Raleigh Celebrates Juneteenth With Electric Vehicle Future
A Juneteenth celebration in Raleigh brought food, fellowship, and conversations about electric vehicles to Southeast residents. The community event marked a major step in ensuring neighborhoods shape the city's clean transportation future.
When Southeast Raleigh residents gathered at their local YMCA on June 20 for a Juneteenth celebration, they got more than music and good food. They got a voice in shaping how their city moves toward cleaner transportation.
The Southern Alliance for Clean Energy and EVHybridNoire joined local organizations Southeast Raleigh Promise and Partners for Environmental Justice for the event. Between fitness activities and health resources, project staff shared information about electric vehicles and asked residents what they actually need from transportation.
The celebration kicks off a bigger mission called Electric Futures Raleigh, a two-year initiative launched last year with support from the Z. Smith Reynolds Foundation.
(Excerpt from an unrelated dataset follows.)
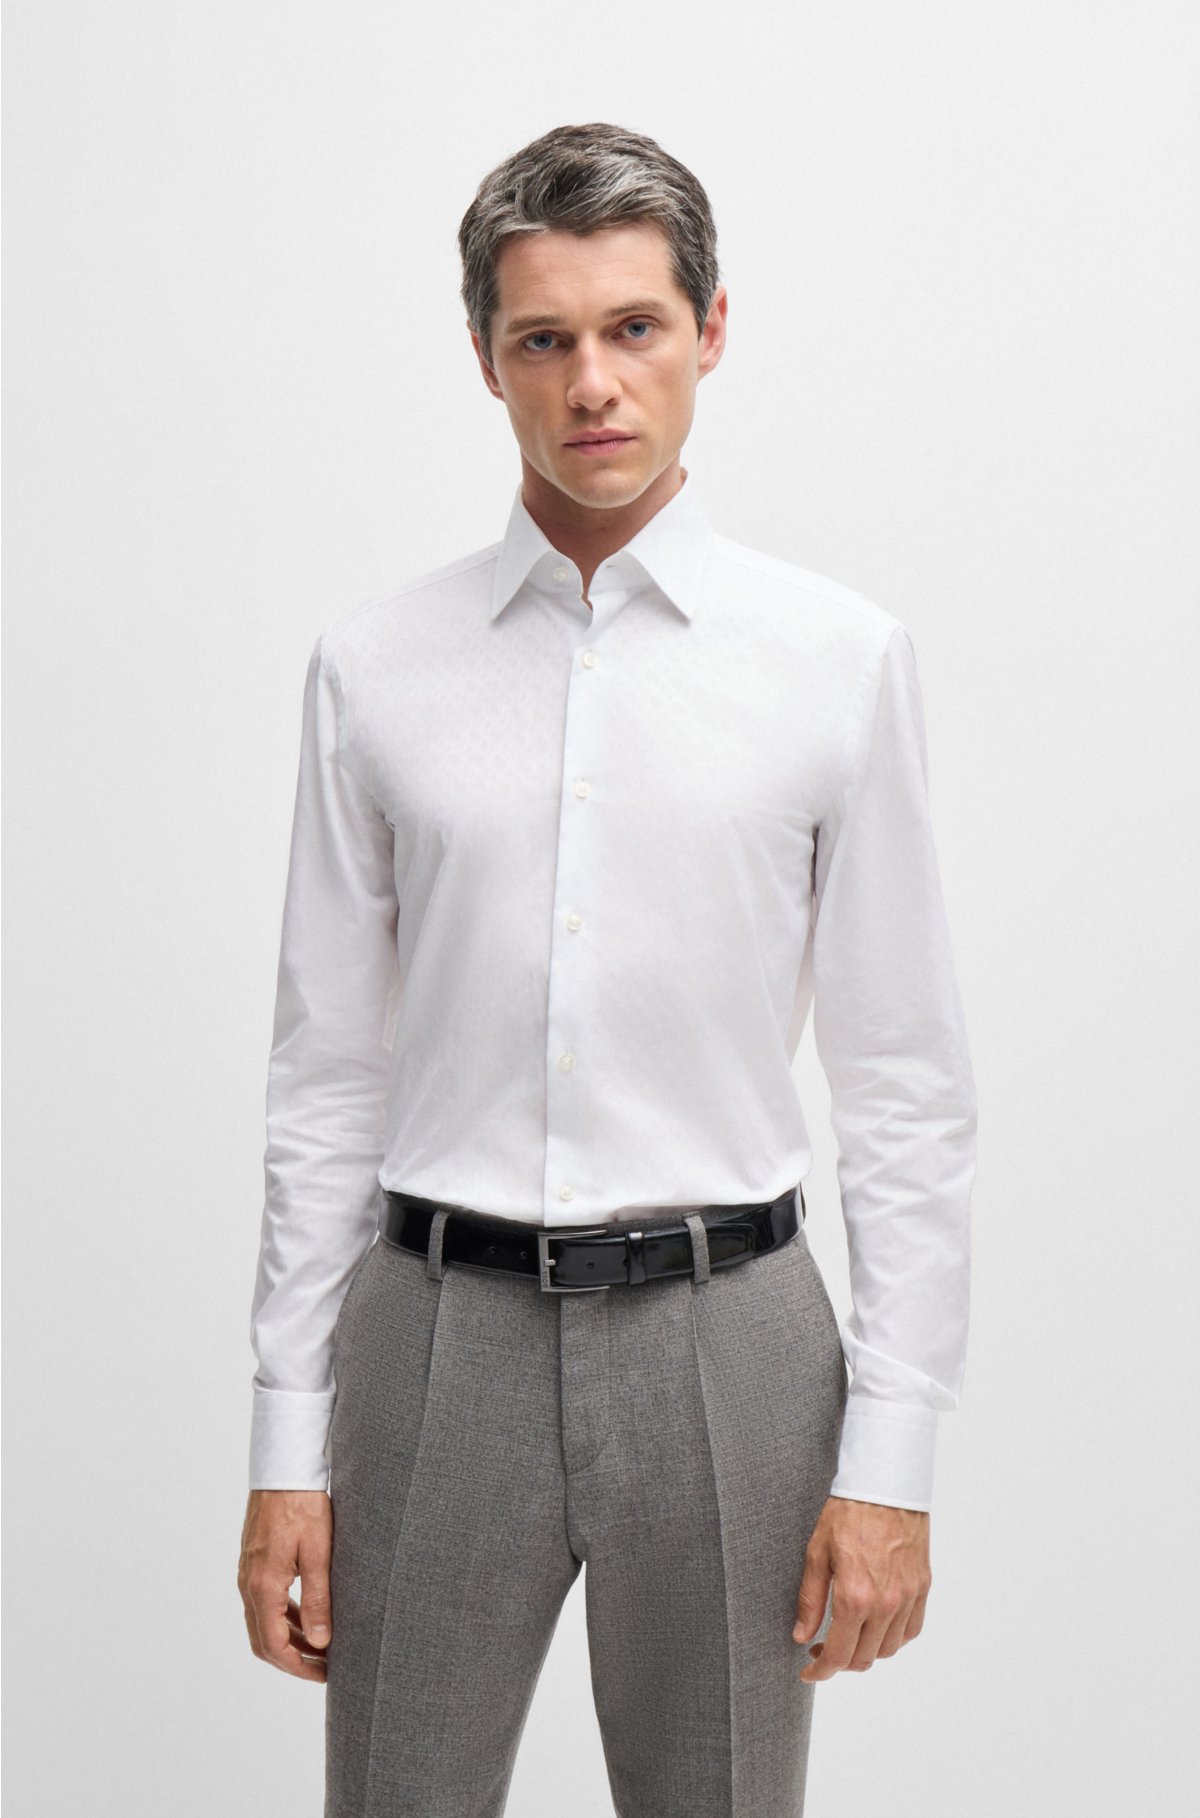 Best White Shirts for Men by HUGO BOSS

The project aims to make sure community voices lead the conversation about electric transportation instead of just reacting to decisions made elsewhere.
Southeast Raleigh Promise has spent more than a decade building trust in the community through its work on housing, education, and economic opportunity. The organization helped develop the 32-acre Beacon Site campus where the celebration took place, a space that already features electric vehicle charging stations alongside affordable housing and wellness services.

Now project leaders are conducting surveys and focus groups to understand what residents think about electric vehicles, charging infrastructure, and job opportunities in the growing EV industry. Those findings will directly inform the City of Raleigh's transportation plans.
The Ripple Effect
The timing couldn't be better for Raleigh to lead this conversation. Transportation currently accounts for 52% of the city's emissions, making electric vehicles essential to Raleigh's goal of cutting greenhouse gas emissions by 80% by 2050.
North Carolina already ranks ninth nationally in clean energy employment. Toyota is building its first North American battery manufacturing facility just an hour away in Randolph County, a $13.9 billion investment creating over 5,000 jobs.
The Electric Futures Raleigh team plans more town halls and community events to identify barriers and solutions that help residents benefit from the clean transportation shift. The Southeast Raleigh community is proving that the best way to plan for an electric future is to ask the people who live there what they need.